◆ Exercise objective ◆
Could you print the listing again exactly, omitting the pictures?
── Material provided ──
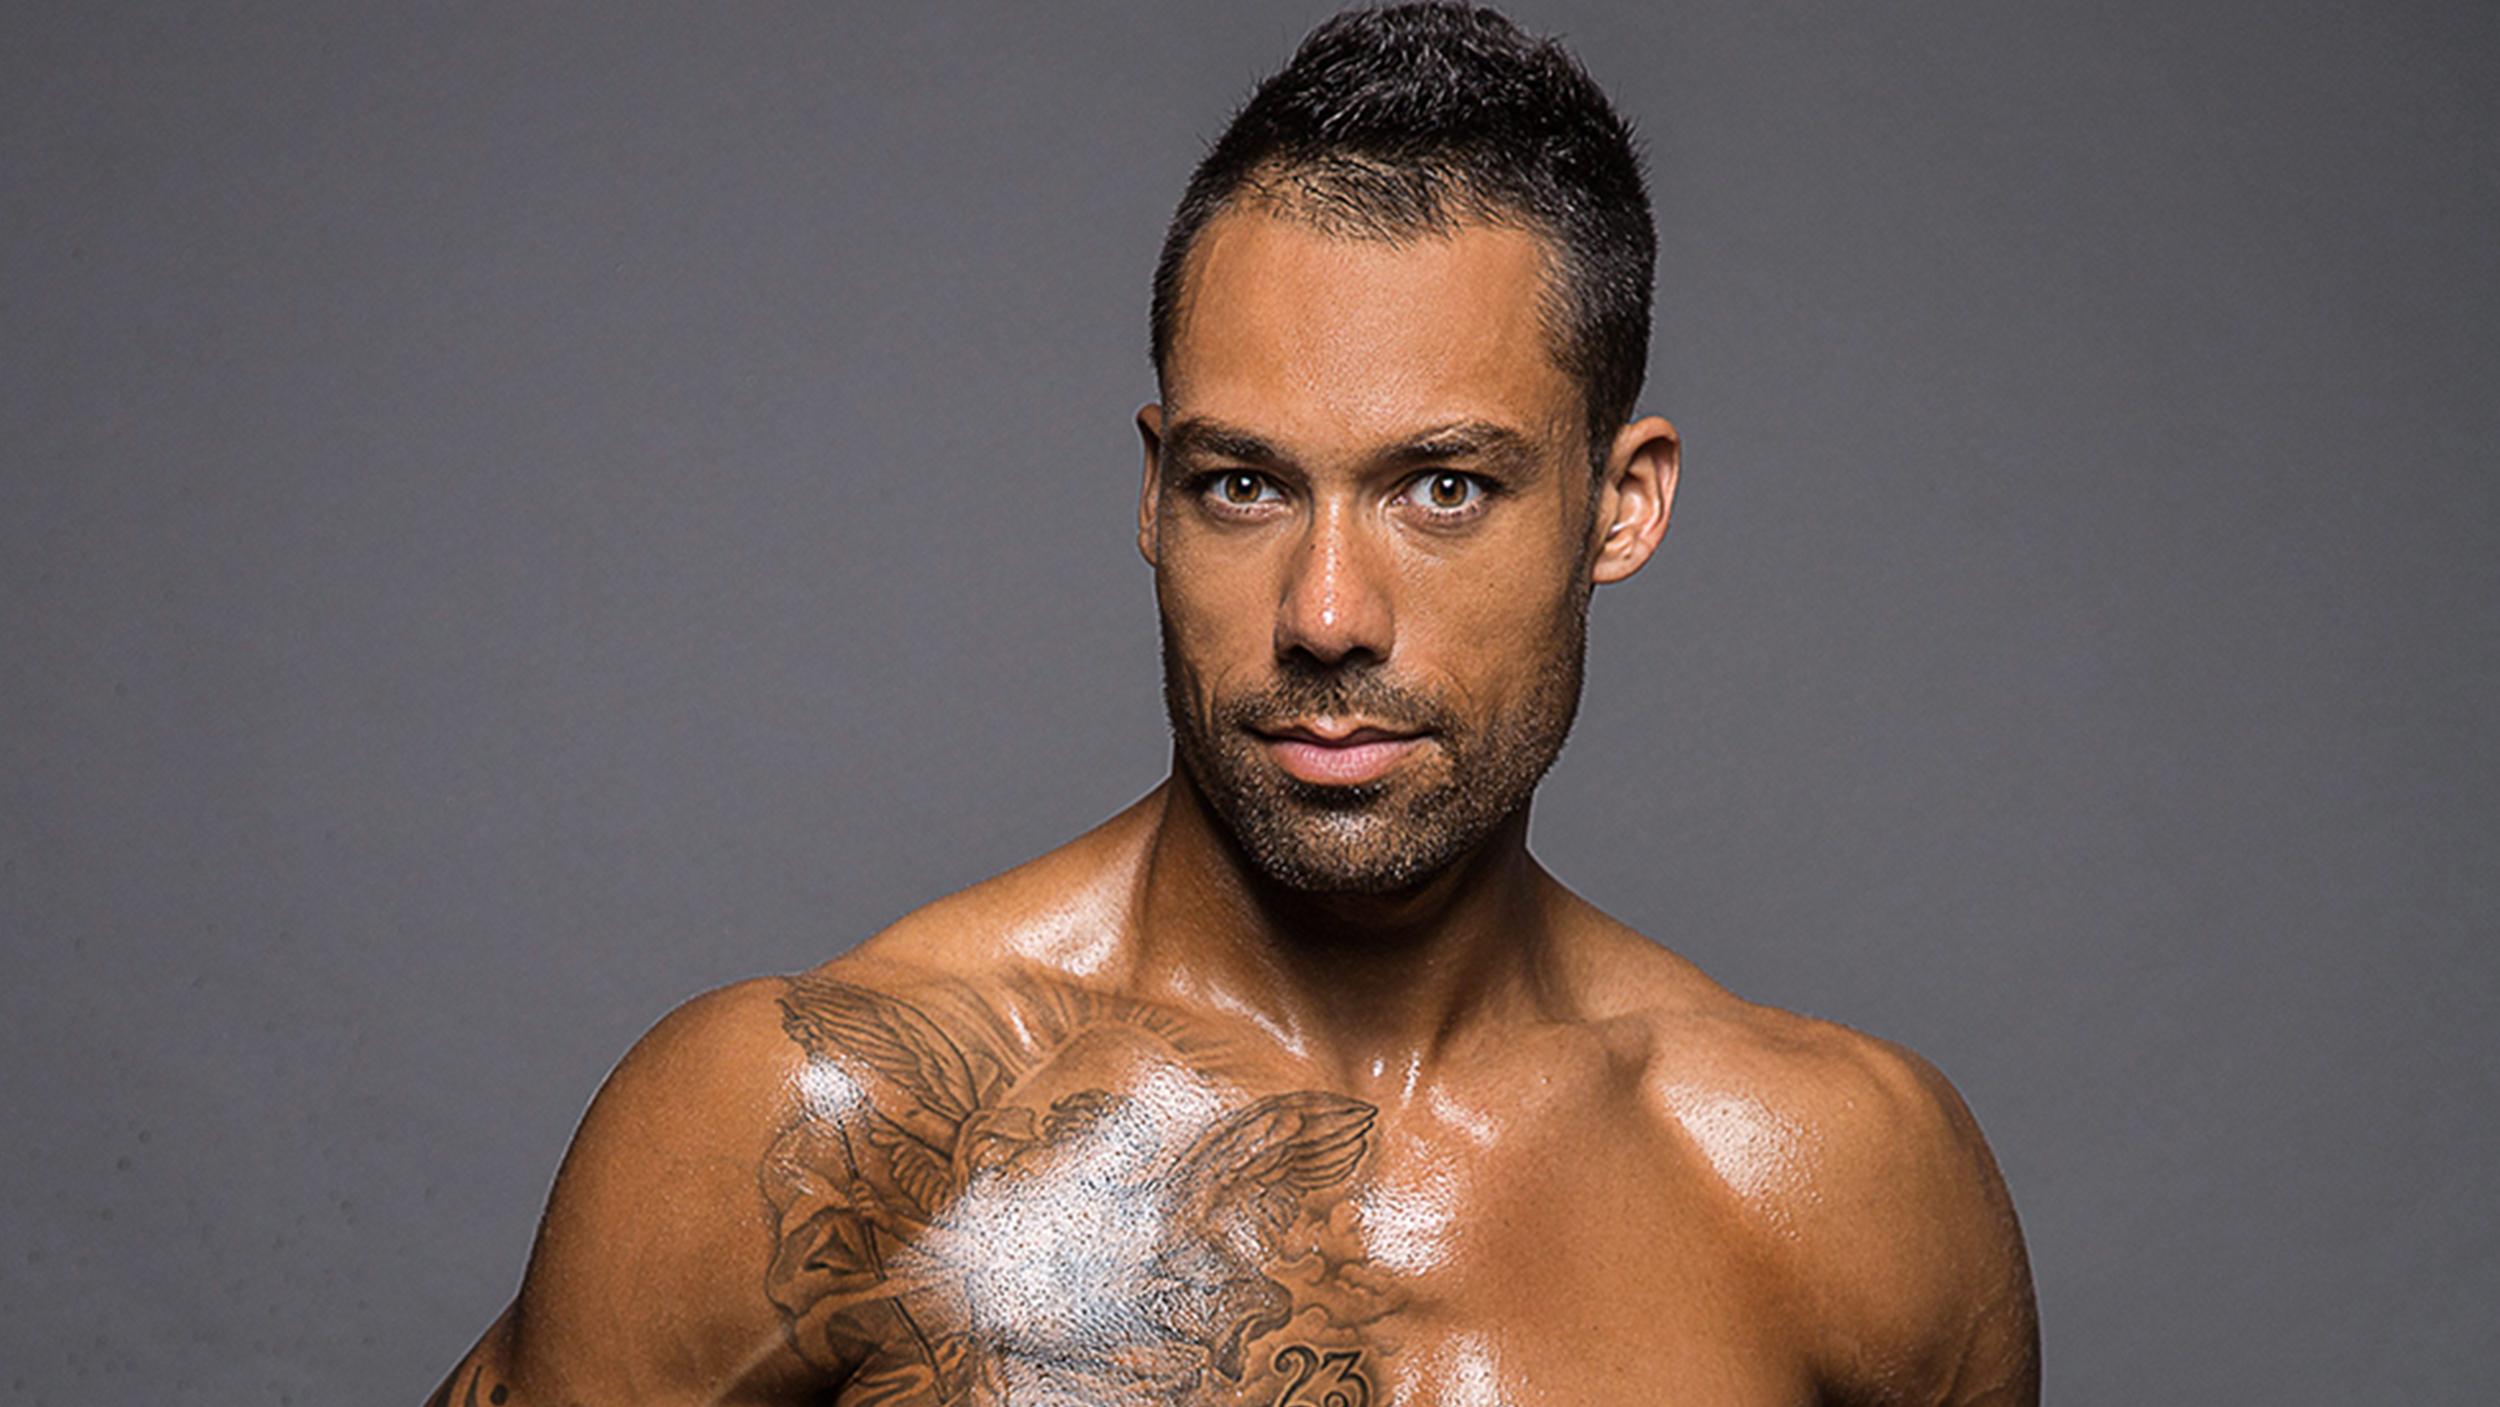 Male model Blake Beckford poses shirtless with ileostomy
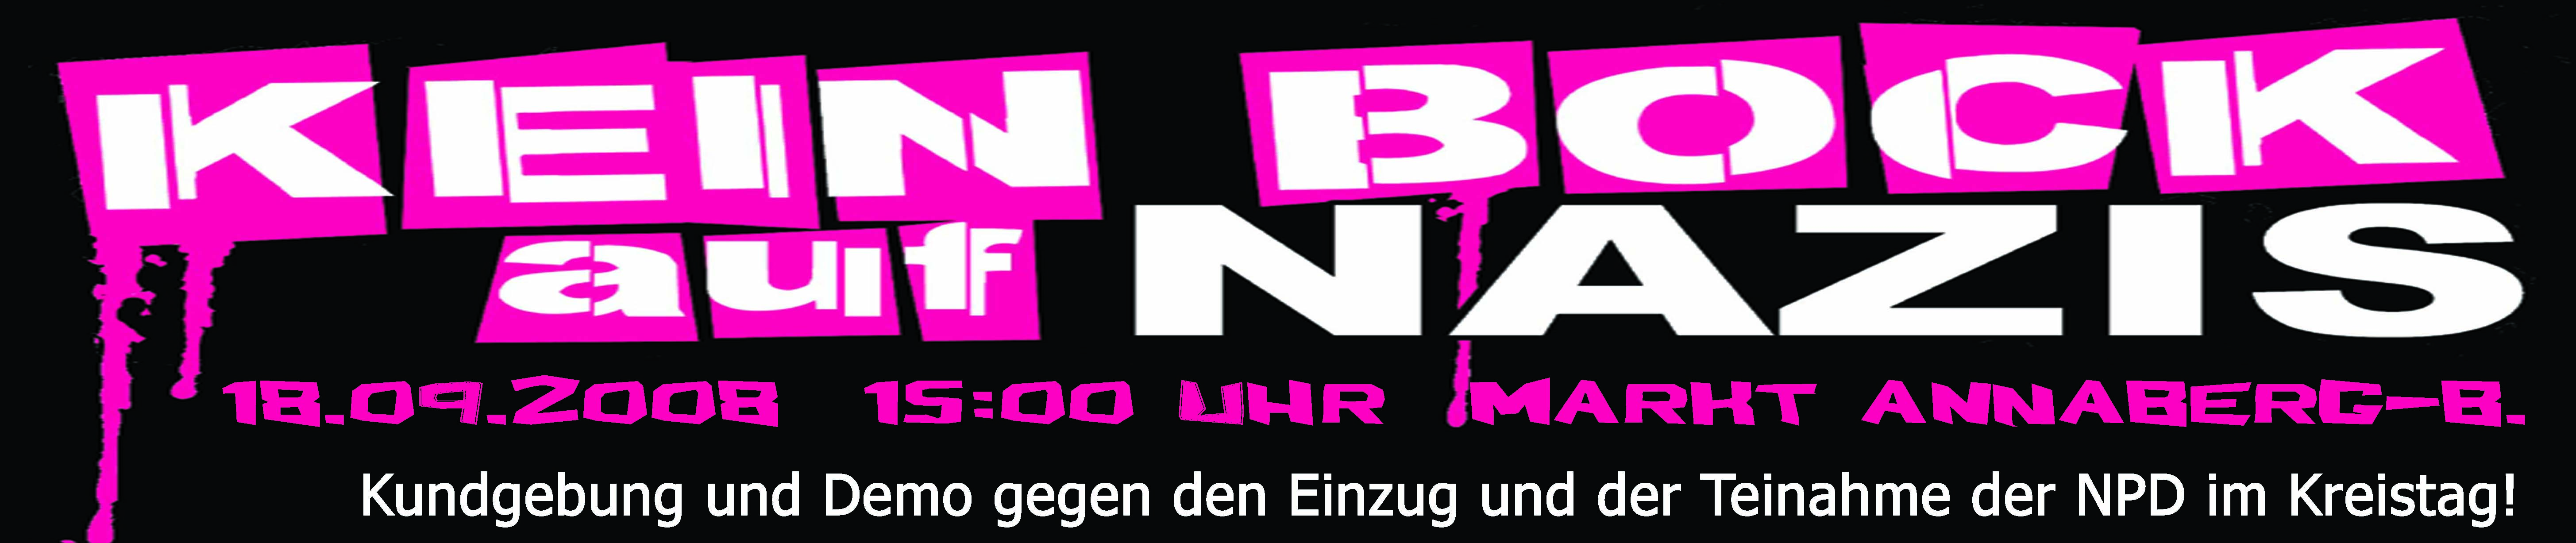 Banner Annaberg-B. 18.9.
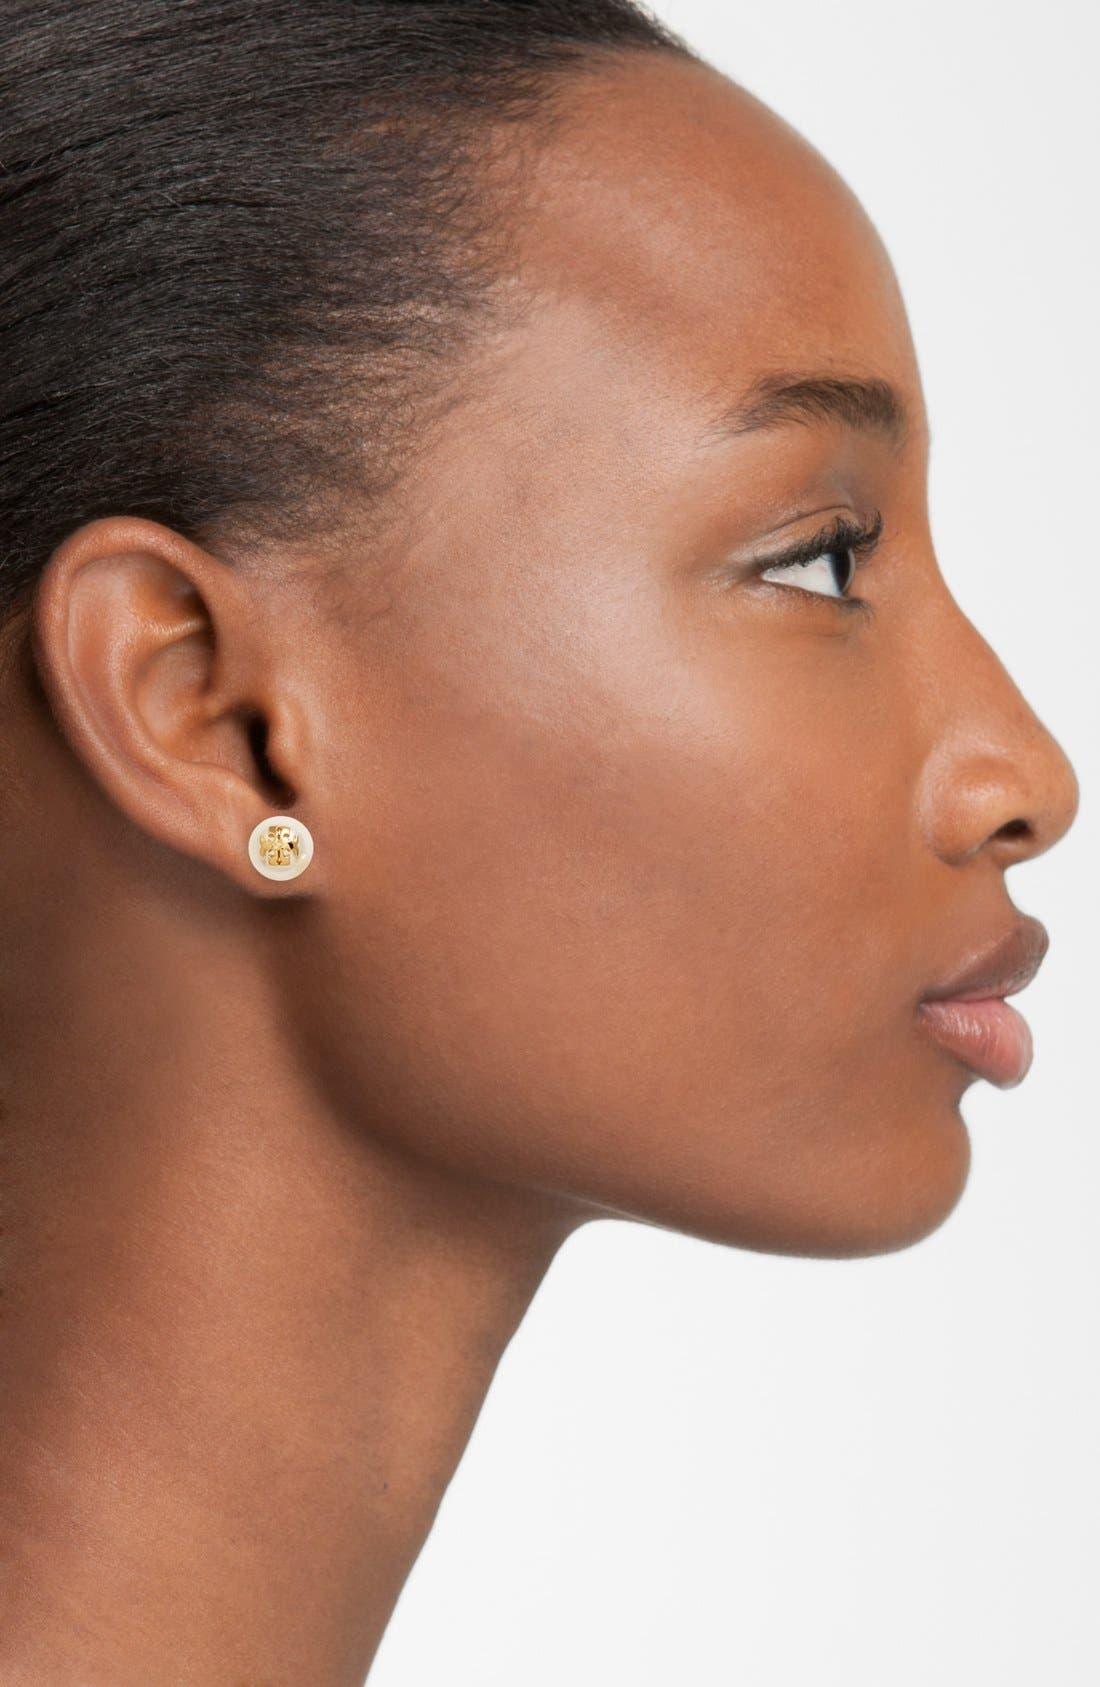 TORY BURCH, Swarovski Crystal Pearl Logo Stud Earrings, Alternate thumbnail 2, color, IVORY/ TORY GOLD
───
◆ Output below ◆
 Male model Blake Beckford poses shirtless with ileostomy
 Banner Annaberg-B. 18.9.
 TORY BURCH, Swarovski Crystal Pearl Logo Stud Earrings, Alternate thumbnail 2, color, IVORY/ TORY GOLD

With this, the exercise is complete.